> [Extracted material]
*** Begin section ***
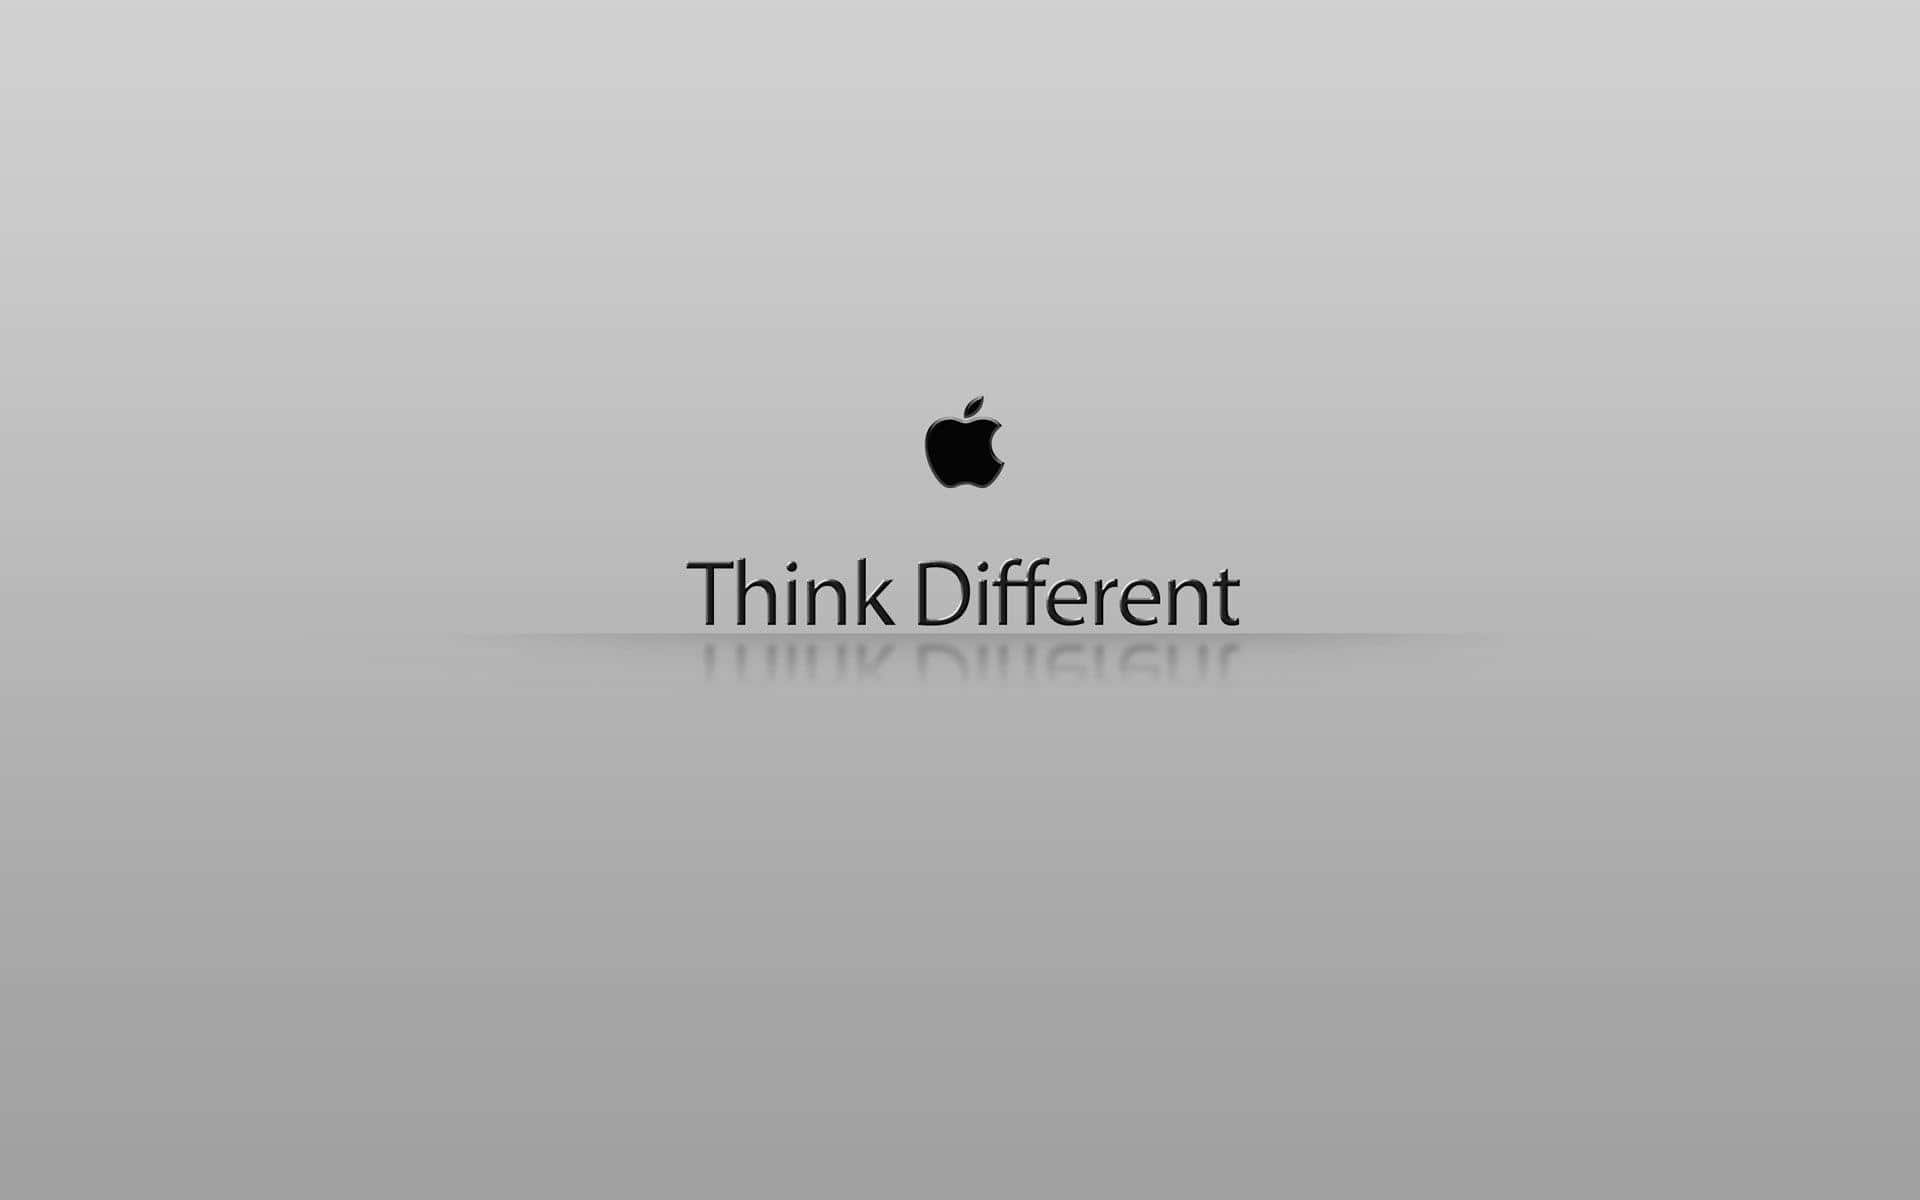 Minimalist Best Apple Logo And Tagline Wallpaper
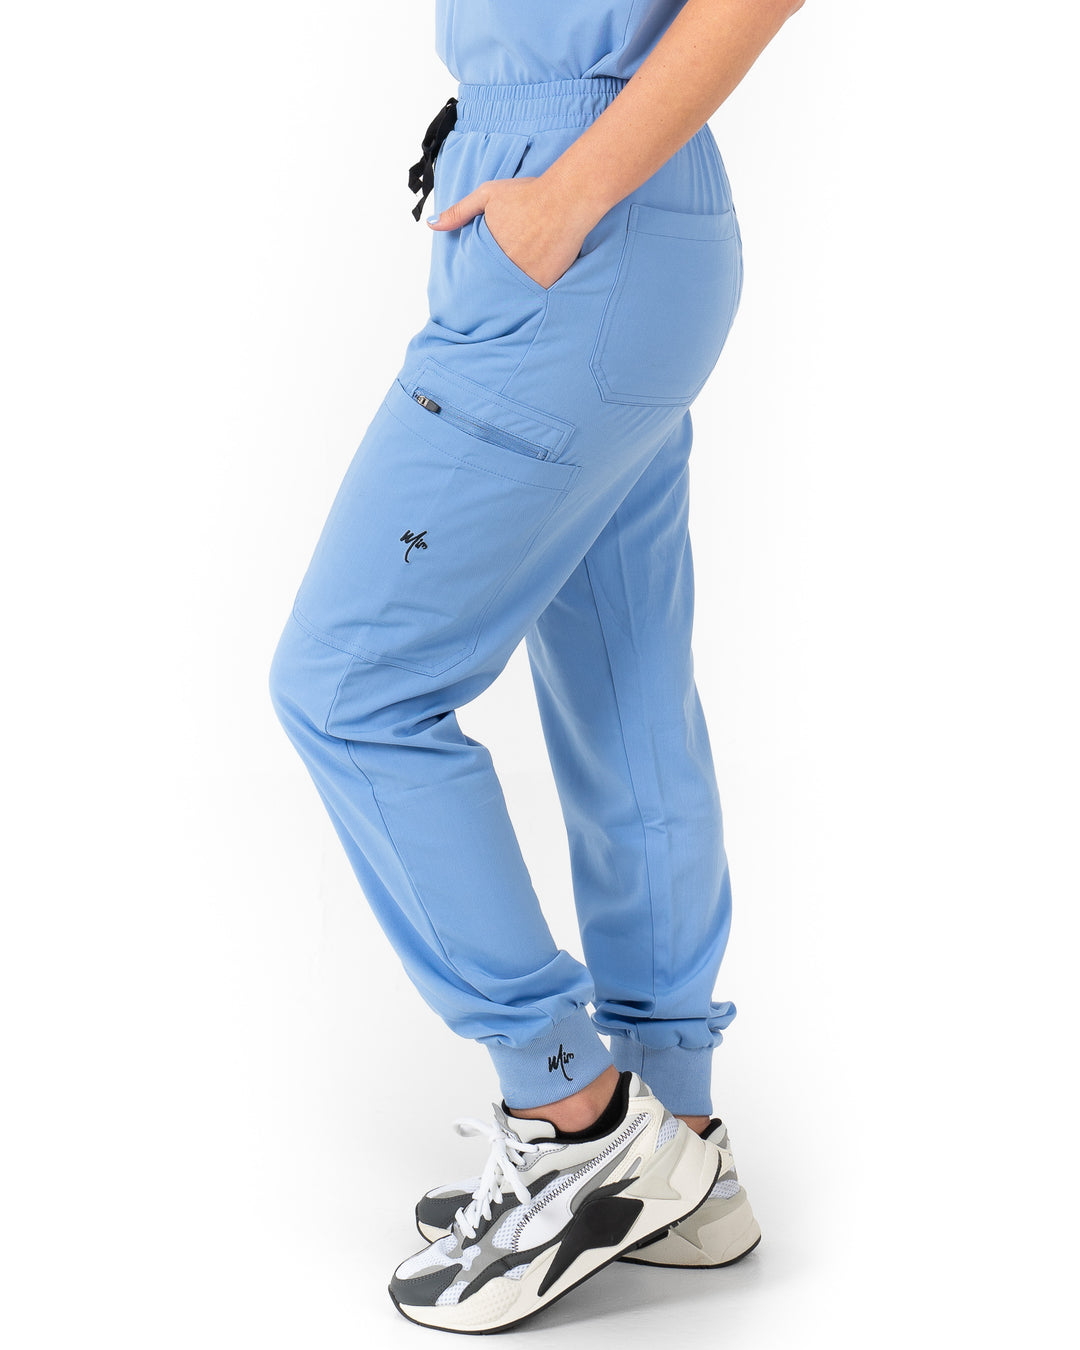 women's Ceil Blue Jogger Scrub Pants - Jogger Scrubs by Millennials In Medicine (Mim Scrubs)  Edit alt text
*** End section ***
*** Begin section ***
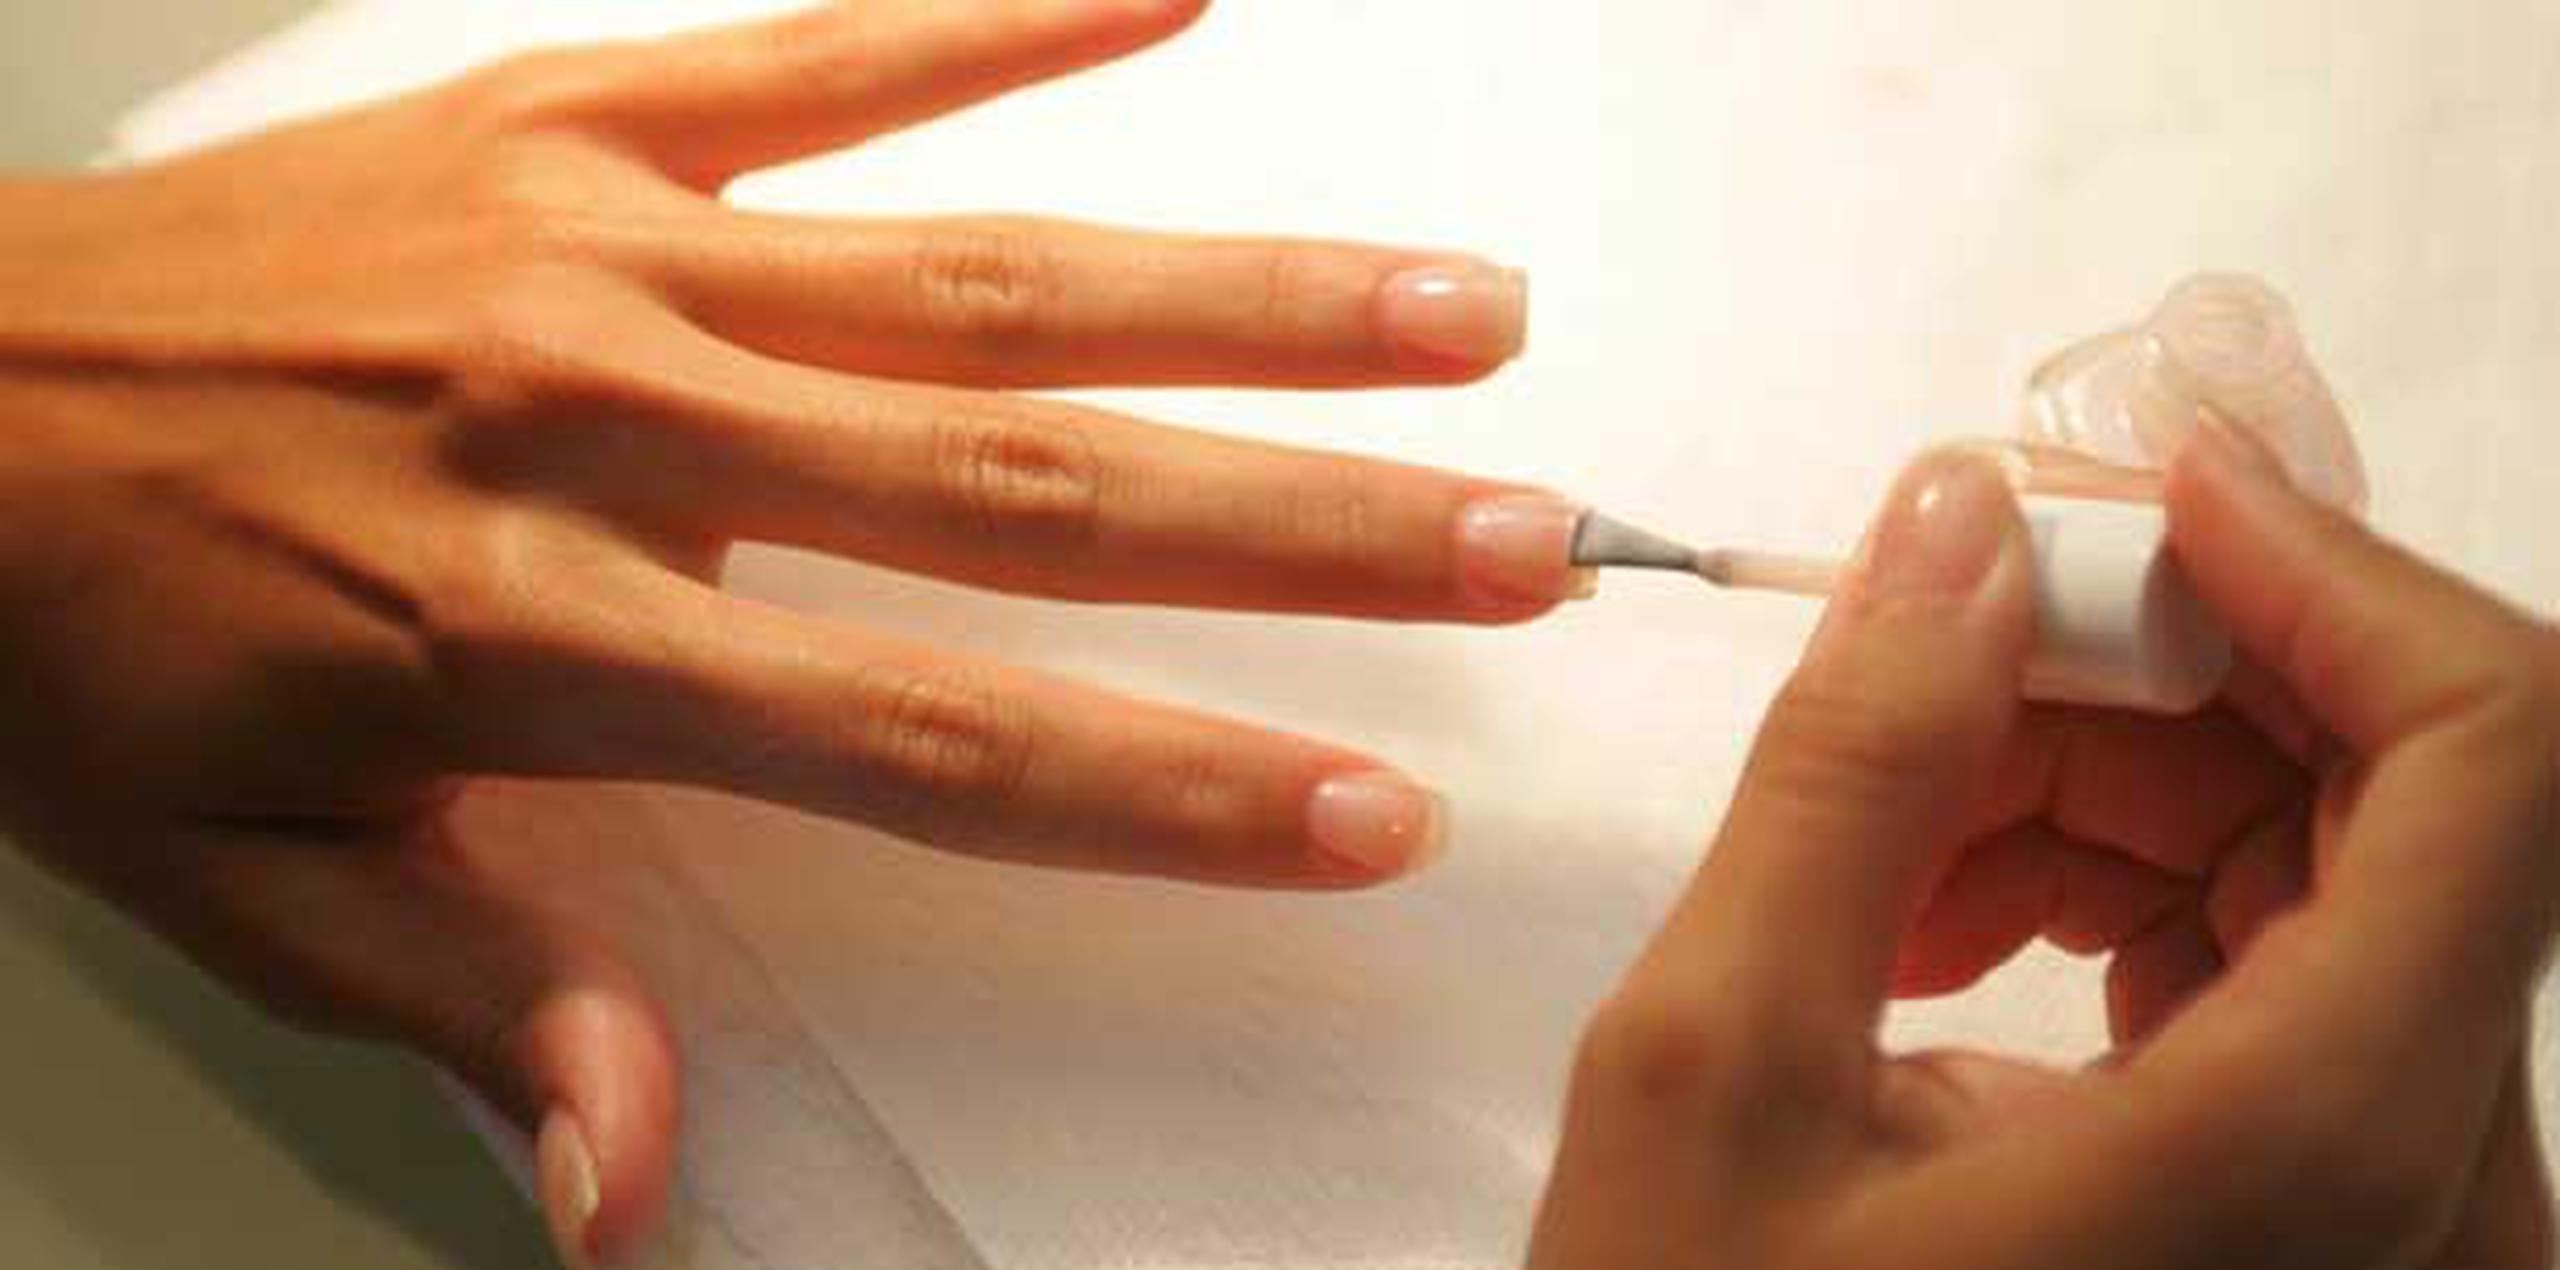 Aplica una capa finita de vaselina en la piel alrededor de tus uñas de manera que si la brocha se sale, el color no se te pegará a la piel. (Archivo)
*** End section ***
> [Aim of the exercise] Pictures excluded, reproduce only the part above that opens with the line holding "Minimalist Best Apple" and closes with the line holding "women's Ceil Blue", exactly as written.

> [Answer area]
 Minimalist Best Apple Logo And Tagline Wallpaper
 women's Ceil Blue Jogger Scrub Pants - Jogger Scrubs by Millennials In Medicine (Mim Scrubs)  Edit alt text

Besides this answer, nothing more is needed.